Helen H. Richardson/ Denver Post/Getty
The most expensive ecological monitoring project in history has come under heavy criticism for using funds from the US National Science Foundation (NSF) to pay for government lobbying and other expenses, including a US$25,000 holiday party and liquor for office happy hours. In all, critics in Congress say that the project spent nearly $500,000 on normally unallowable costs by accounting for the items as a management fee.

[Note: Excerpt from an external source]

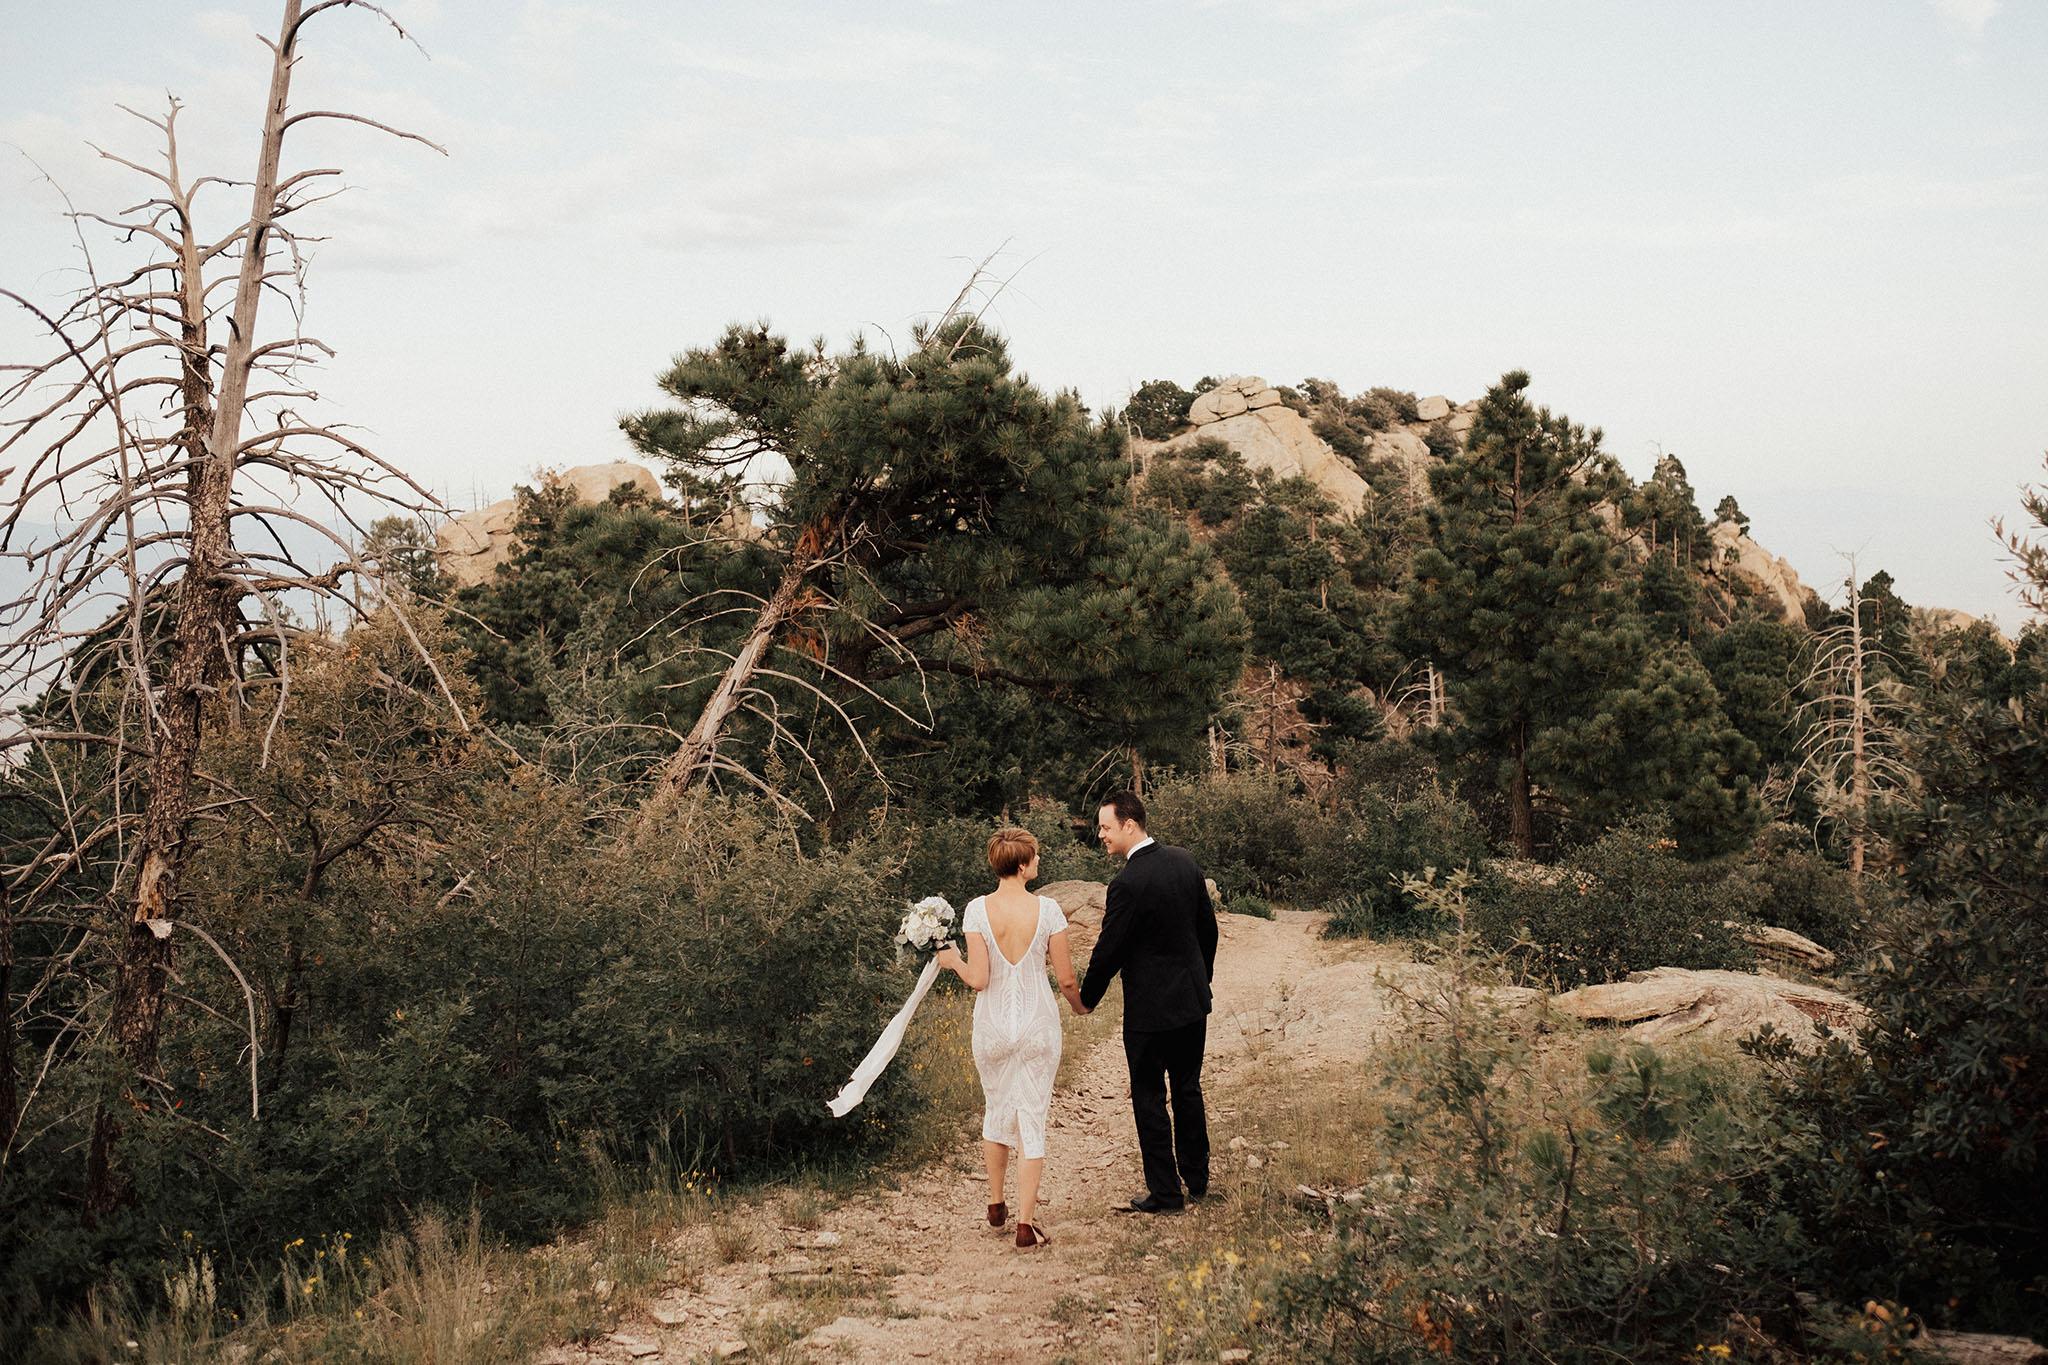 Arizona-Intimate-Elopement-Adventure-Photographer-Mount-Lemmon (13).jpg

An audit ordered by the NSF Inspector General shows no criminal wrongdoing on the part of NEON, Inc., the independent non-profit group constructing the National Ecological Observatory Network. That report, released on 24 November, reveals that the NSF signed off on the management fee with no requirement for NEON to itemize its spending reports. That practice prompted charges of lax oversight by Republican members of the House of Representatives' science committee during a 3 December hearing.

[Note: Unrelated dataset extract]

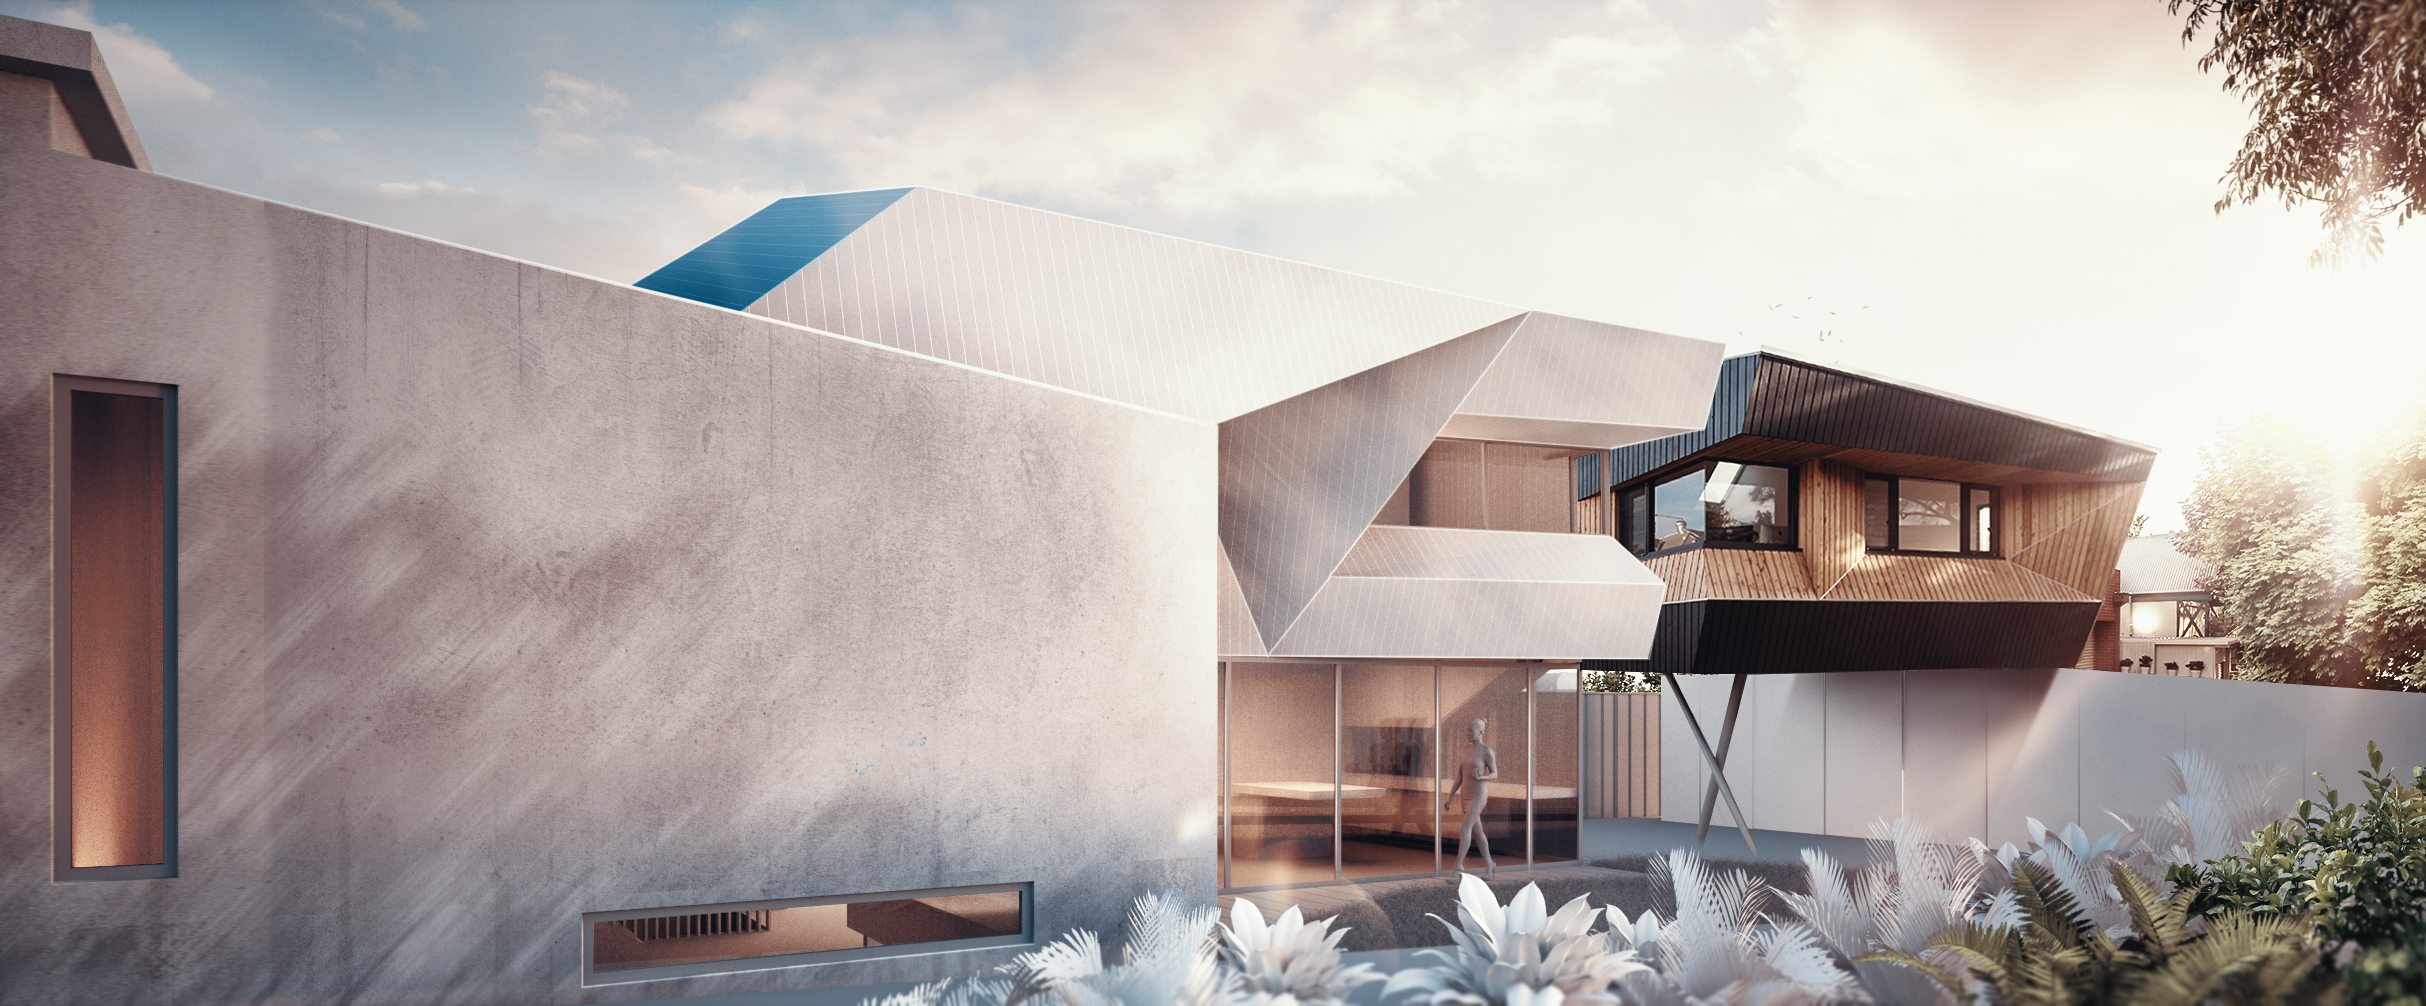 Braham Architects Thompson Render.jpg

Committee chairman Lamar Smith said that the audits expose wasteful NSF spending of taxpayer dollars. “The NSF is out of touch and out of control,” the Texas Republican said in a statement released before the hearing.

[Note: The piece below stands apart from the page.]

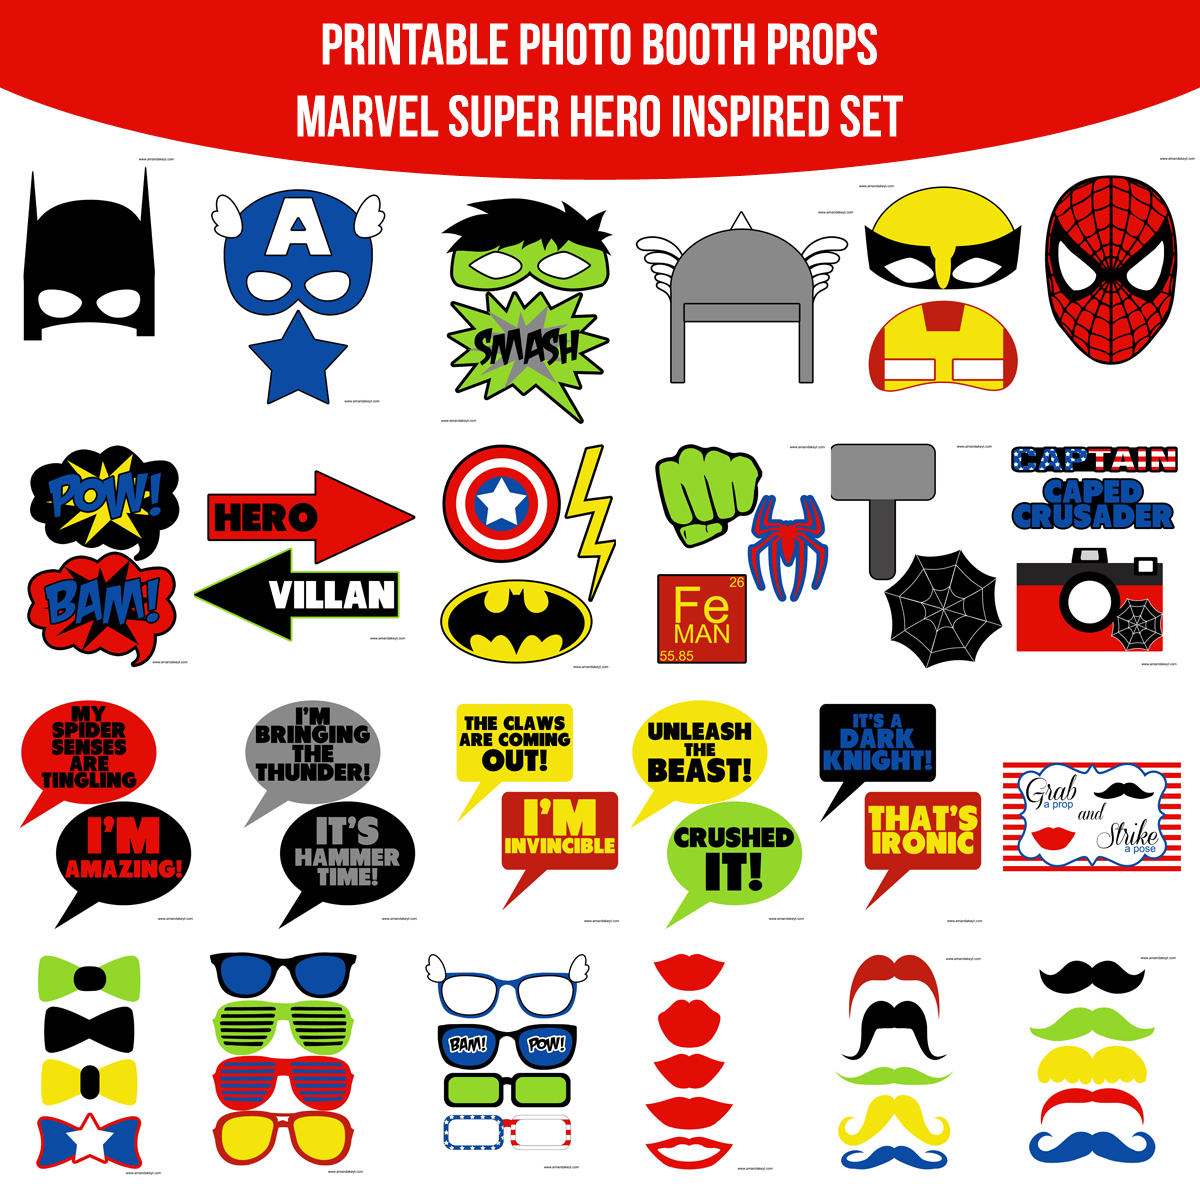 photograph about Free Printable Superhero Photo Booth Props titled Publications Videos Tv set Amanda Keyt Printable Plans

With a construction budget of $433.7 million, NEON is planned to consist of 106 sites across the United States. Arrays of sensors at each site will monitor climate change and human impacts for 30 years, building an unprecedented continental-scale data set. Although some initially doubted its merits, the allure of big-data ecology eventually won over most scientists.
But a 2011 audit of the project’s proposed construction budget stalled three times when, according to the independent Defense Contract Audit Agency (DCAA), NEON’s accounting proved so poor that the review could not be completed. Eventually, DCAA issued an adverse ruling, concluding that nearly 36% of NEON’s budget proposal was questionable or undocumented.
When the NSF green-lit the project, the agency's inspector-general ordered the audit that was released on 24 November, which found unallowable expenses including a $25,000 winter holiday party, $11,000 to provide coffee for employees, $3,000 for board-of-directors dinners that included alcohol, $3,000 for t-shirts and other clothes, $83,000 for “business development” and $112,000 for lobbying.
These figures drew a rebuke in September from Republican senators Chuck Grassley of Iowa and Rand Paul of Kentucky, who were provided a draft of the audit by a whistleblower. In a written response, the NSF called NEON’s use of the funds disconcerting.
But whether such spending was illegal comes down to wrangling over the purpose of management fees. They are ostensibly charged by contractors in order to cover legitimate operating expenses that cannot be included in the normal budgeting process, like interest payments.
“It’s hard for me to see that a holiday party is a normal and ordinary operating expense,” said Allison Lerner, the NSF's inspector general. But because there are no clear government-wide guidelines, and the NSF did not issue any, there was no legal wrongdoing, DCAA director Anita Bales told the hearing. Both the audit report and memos from Lerner’s office recommended that the NSF review its management-fee policies — a step that the agency said it was taking in a written statement released on 26 November.
NEON chairman James Collins said that the organization “has always spent all funding in strict compliance with our understanding both of the guidelines provided to the organization and the law. We will be and have been responsive to requests for information.”
Republicans on the House science committee repeatedly invoked their oversight role in ensuring public trust in the NSF’s spending. But some saw politics at work in the hearing, at which NSF management was not represented. Democratic congresswoman Eddie Bernice Johnson of Texas called the hearing premature, saying that it had not given the NSF time to complete its review of management fees.
After the hearing, DCAA director Bales said she was not impressed by the scale of the alleged misconduct. “In the contract world, we do a lot of reports that disallow this kind of thing. So, you know, people do it,” she said. “But then we identify it.”